The PAC believes Mr Mandela's intervention carries an implied message that Dr Mogoba's past contains a dark secret that would embarrass him and the movement he left the church to lead last December.
To defuse speculation, the PAC has put on record that Dr Mogoba confirmed in the 1988 trial of a former PAC guerrilla commander, Mr Enoch Zulu, that he had given Mr Zulu food and shelter.
But Ms De Lisle emphasises that Dr Mogoba did so only after he had been given the go-ahead by the PAC leadership and after Mr Zulu had himself told the police he had sought refuge at Dr Mogoba's house on his return to South Africa. "The PAC leadership saw no reason why Dr Mogoba should go to jail for telling the truth," she said.

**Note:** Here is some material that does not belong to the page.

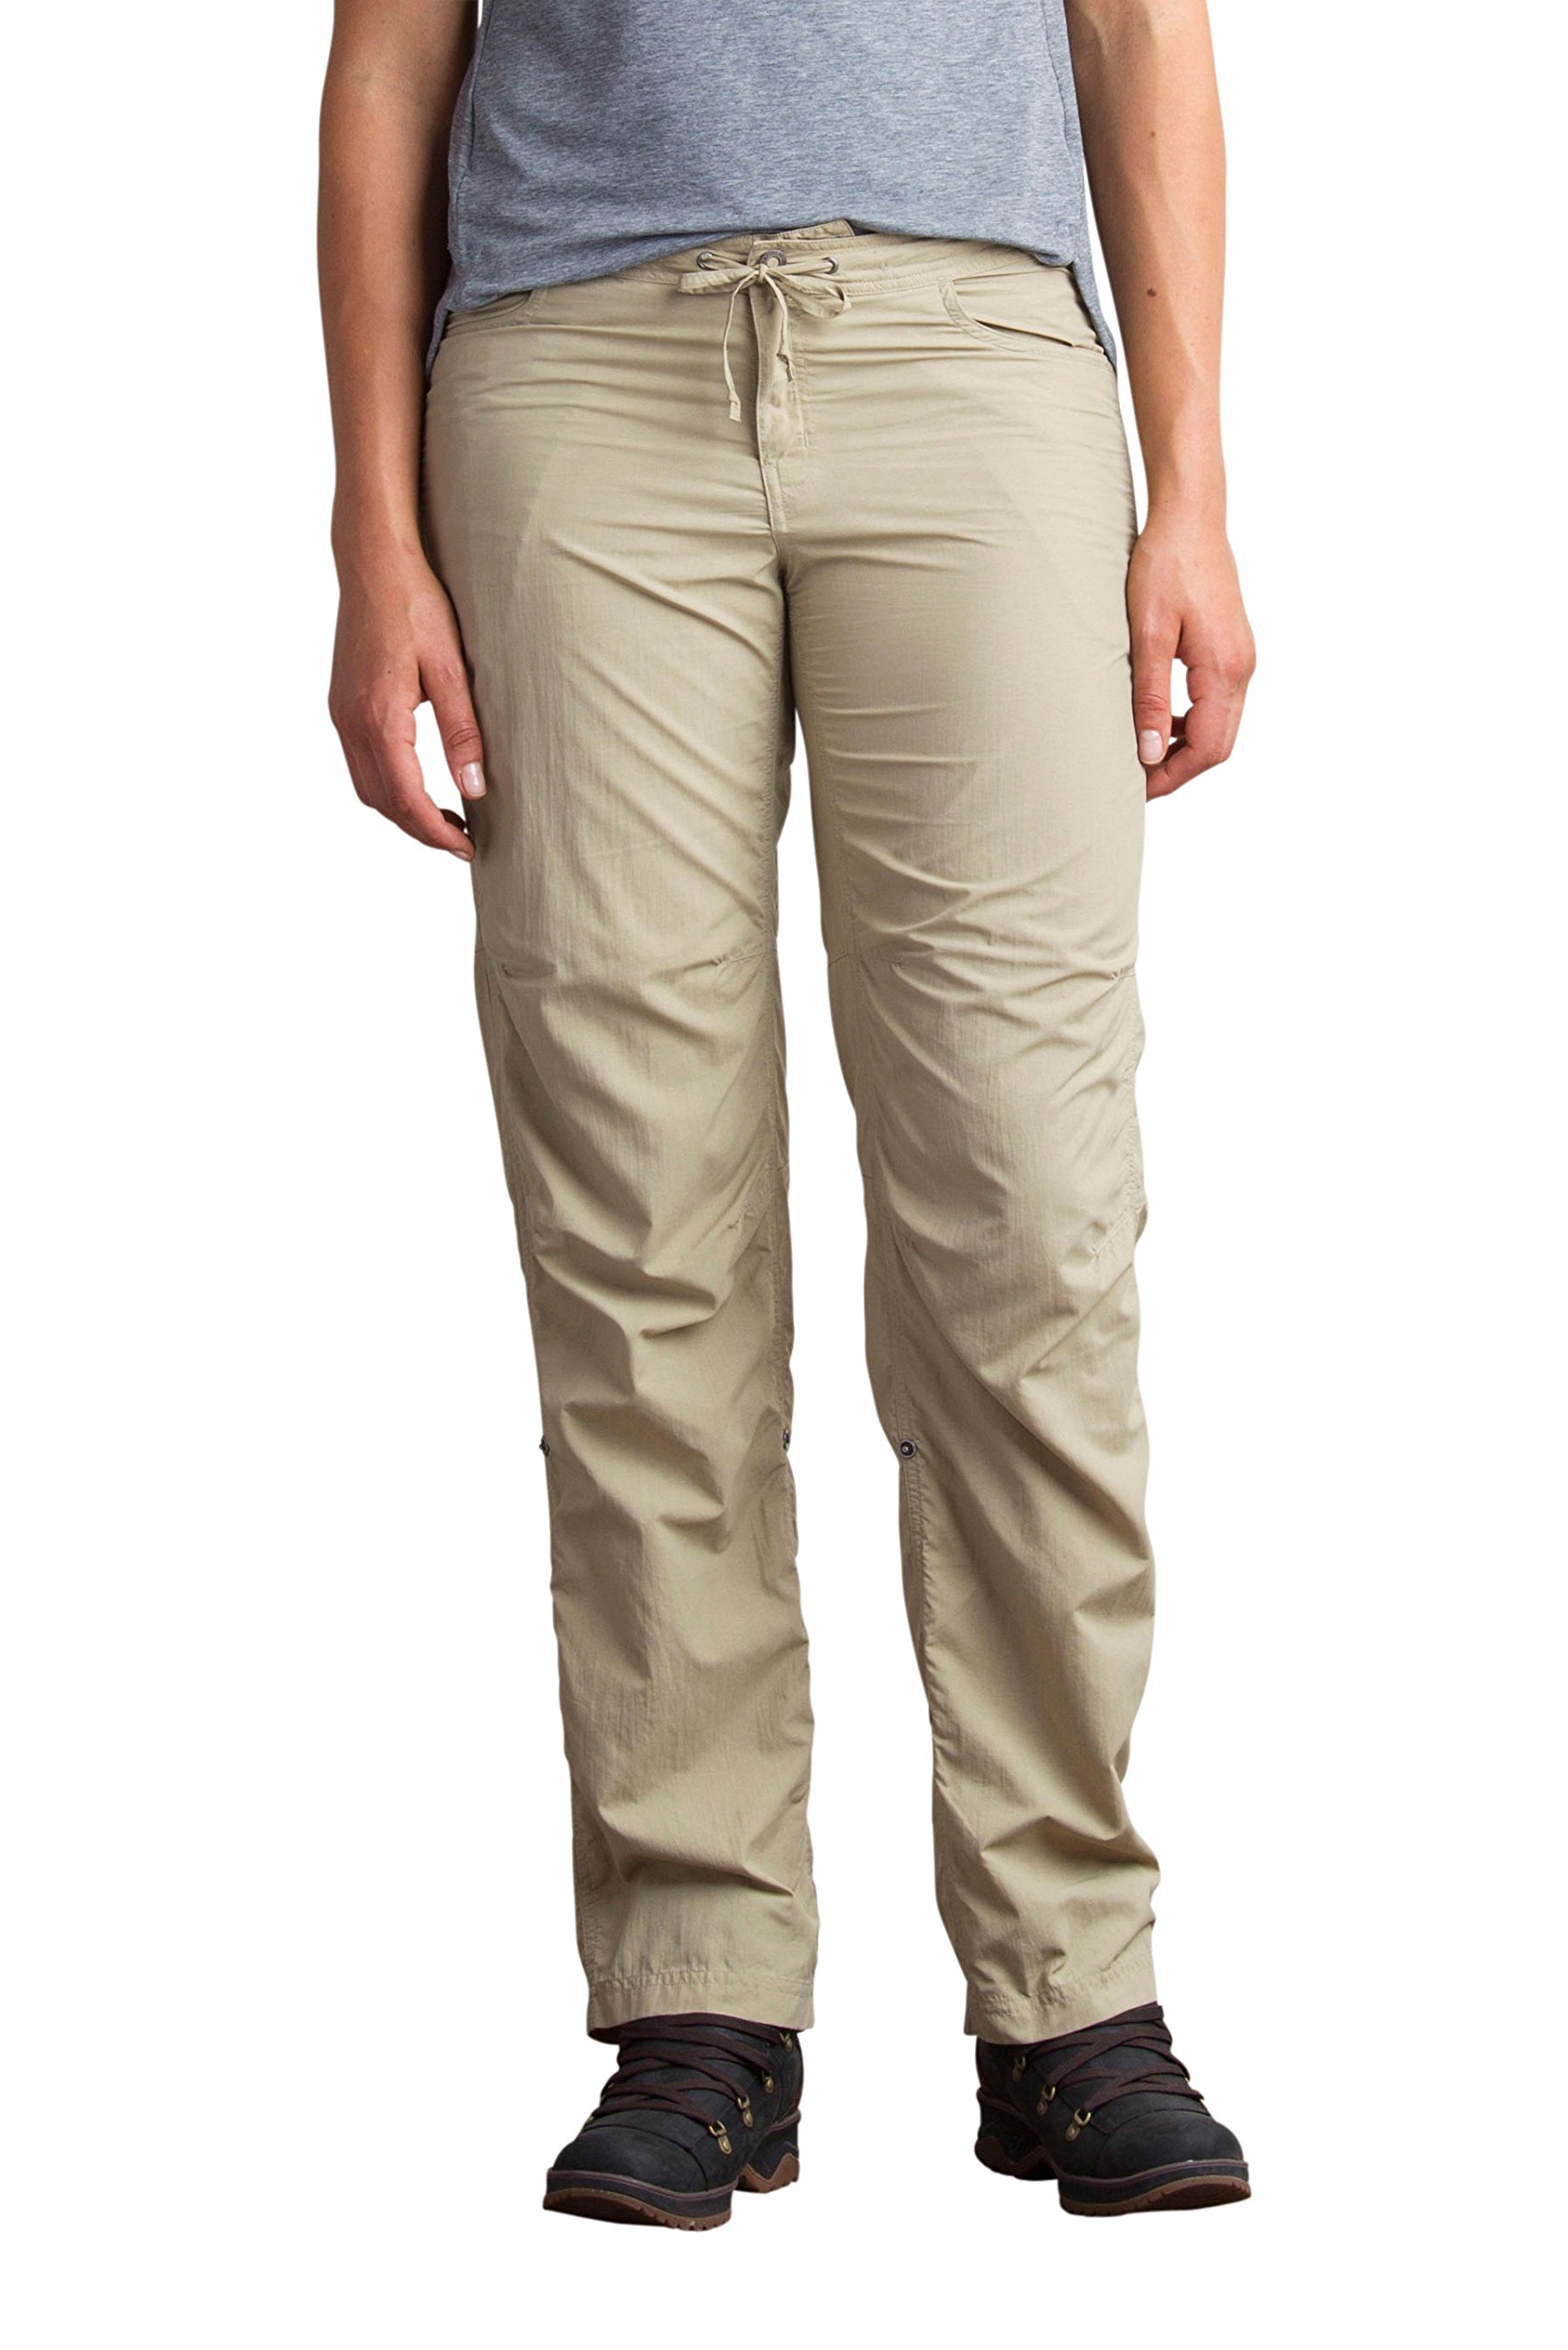 ExOfficio Women's BugsAway Damselfly Pants Petite Length, Tawny, 4

The ANC has counter-attacked, accusing Ms De Lisle of abusing parliamentary privilege to "cast doubts on the integrity of pre-eminent citizens and public representatives."
It has requested parliament to form a special committee to investigate Ms De Lisle's accusations. Ms De Lisle refuses to comment publicly on the source of her information, but stressed she is quite willing to appear before the parliamentary committee.
Allegations that the upper echelons of the ANC contain people who secretly worked for the apartheid government are a recurring theme in post-apartheid South Africa. The former head of the National Intelligence Service, Mr Mike Louw, is on record confirming that he gave Mr Mandela the names of ANC members who were informers when the ANC leader became President.